Docker Compose Deployment¶

The full platform runs as a set of Docker containers managed by Docker Compose. This deployment includes the simulation engine, Apache Kafka for data streaming, Redpanda Connect for S3 sink streaming, Apache Spark for data processing, Apache Airflow for workflow orchestration, Garage for S3-compatible object storage, MLflow for experiment tracking, and monitoring exporters.

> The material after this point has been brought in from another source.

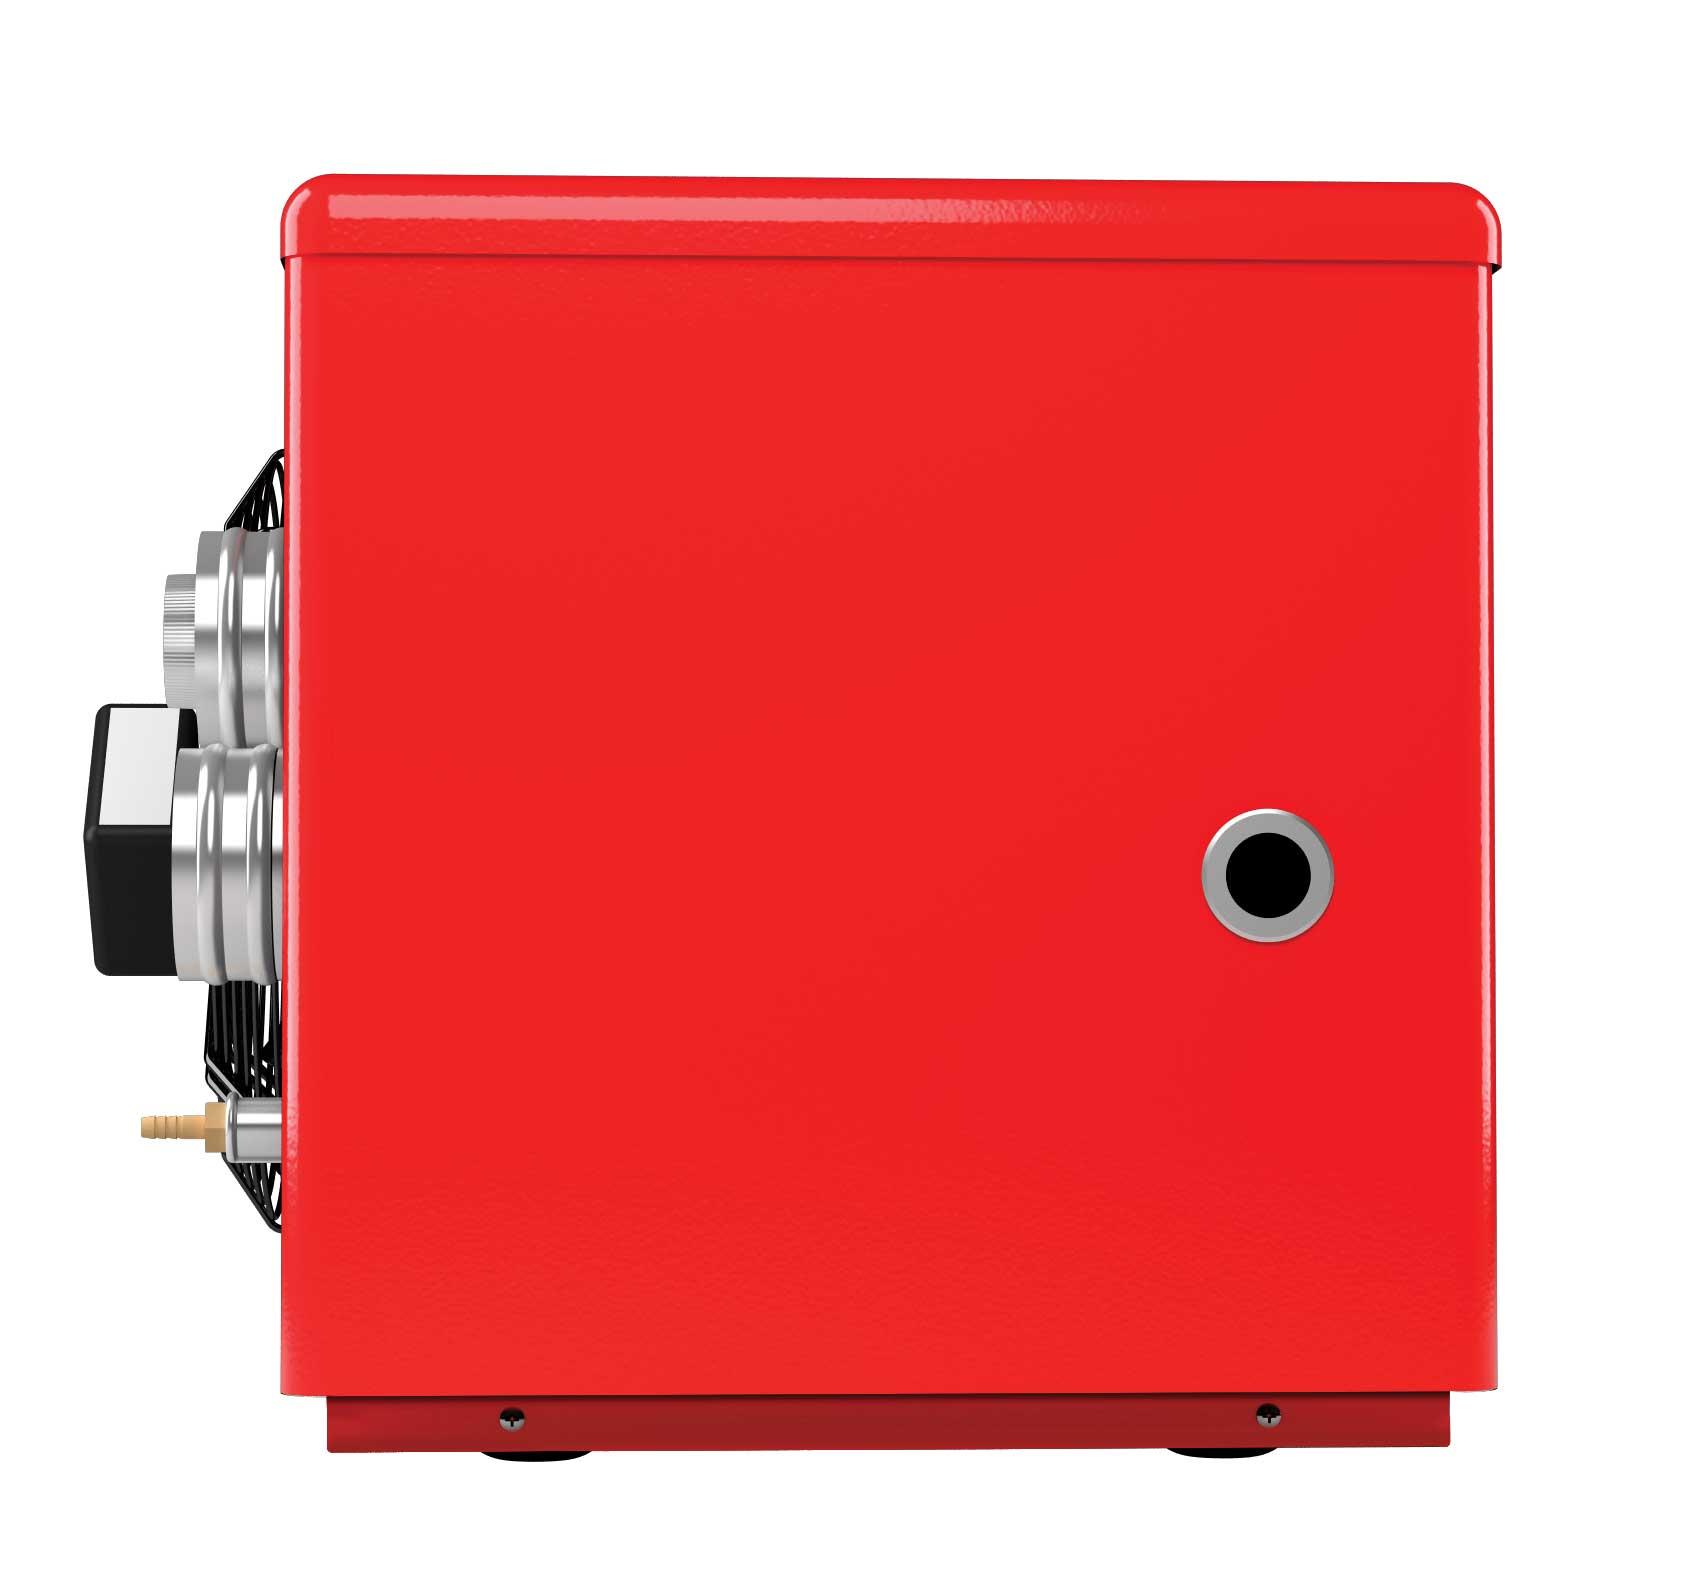 Dmuchawa gazowa z wyrzutem spalin o mocy 18 do ogrzewania warsztatów zasilana LPG i gazem ziemnym

MLflow has not yet been integrated into the actual workflow. Ensuring stability of other components, including the simulation module, takes precedence.

Overview¶

Each component runs in its own container on a shared Docker bridge network. The compose file is at compose/docker-compose.ml.yaml. It defines:

Simulation containers - Quantum Pipeline GPU and CPU containers (in the batch profile, started by Airflow DAGs)
Streaming layer - Apache Kafka (KRaft mode), Schema Registry, Redpanda Connect (S3 sink to Garage)
Processing layer - Spark master and worker
Orchestration - Airflow 3.x with CeleryExecutor: API server, scheduler, DAG processor, Celery worker, triggerer, with PostgreSQL and Redis
Storage - Garage v2.2.0 S3-compatible object storage
ML tracking - MLflow experiment tracking server (backed by PostgreSQL + Garage)
Monitoring exporters - StatsD exporter, PostgreSQL exporter, Redis exporter, NVIDIA GPU exporter

Port mappings and dependencies are listed in the service tables below.

Quick Start¶

Prerequisites¶

Docker Engine 24.0 or later
Docker Compose v2.20 or later
NVIDIA Container Toolkit (for GPU containers)
just command runner (recommended)

Step 1: Clone the Repository¶

# codeberg mirror
git clone https://codeberg.org/piotrkrzysztof/quantum-pipeline.git

# or github
git clone https://github.com/straightchlorine/quantum-pipeline.git

cd quantum-pipeline

Step 2: Configure Environment¶

Run the first-time setup script, which generates secrets and Garage configuration:

just setup

This creates a .env file from .env.ml.example and generates the required secrets. You can also do it manually:

cp .env.ml.example .env
chmod 600 .env

Edit .env to set credentials, resource limits, and service ports. See the Environment Variables reference for all options.

Step 3: Build Images¶

Build the simulation container images:

# CPU only
just docker-build cpu

# GPU (set CUDA_ARCH for your GPU, default 8.6/Ampere)
CUDA_ARCH=6.1 just docker-build gpu

# Both
just docker-build all

Step 4: Deploy¶

just up

This runs docker compose --env-file .env -f compose/docker-compose.ml.yaml up -d.

Step 5: Verify¶

Check that all services are running:

docker compose --env-file .env -f compose/docker-compose.ml.yaml ps

Service Configuration¶

Streaming Services¶

Service	Image	Port(s)	Description
`kafka`	`apache/kafka:4.2.0`	9092 (internal), 9094 (external)	Message broker with KRaft mode
`schema-registry`	`confluentinc/cp-schema-registry:8.2.0`	8081	Avro schema management
`redpanda-connect`	`docker.redpanda.com/redpandadata/connect`	4195 (HTTP API: health, metrics)	S3 sink streaming from Kafka to Garage

Kafka runs in KRaft mode (no ZooKeeper). Schema Registry manages Avro schemas. Redpanda Connect replaces the older Kafka Connect + S3 Sink connector setup, streaming data from Kafka topics directly to Garage (S3).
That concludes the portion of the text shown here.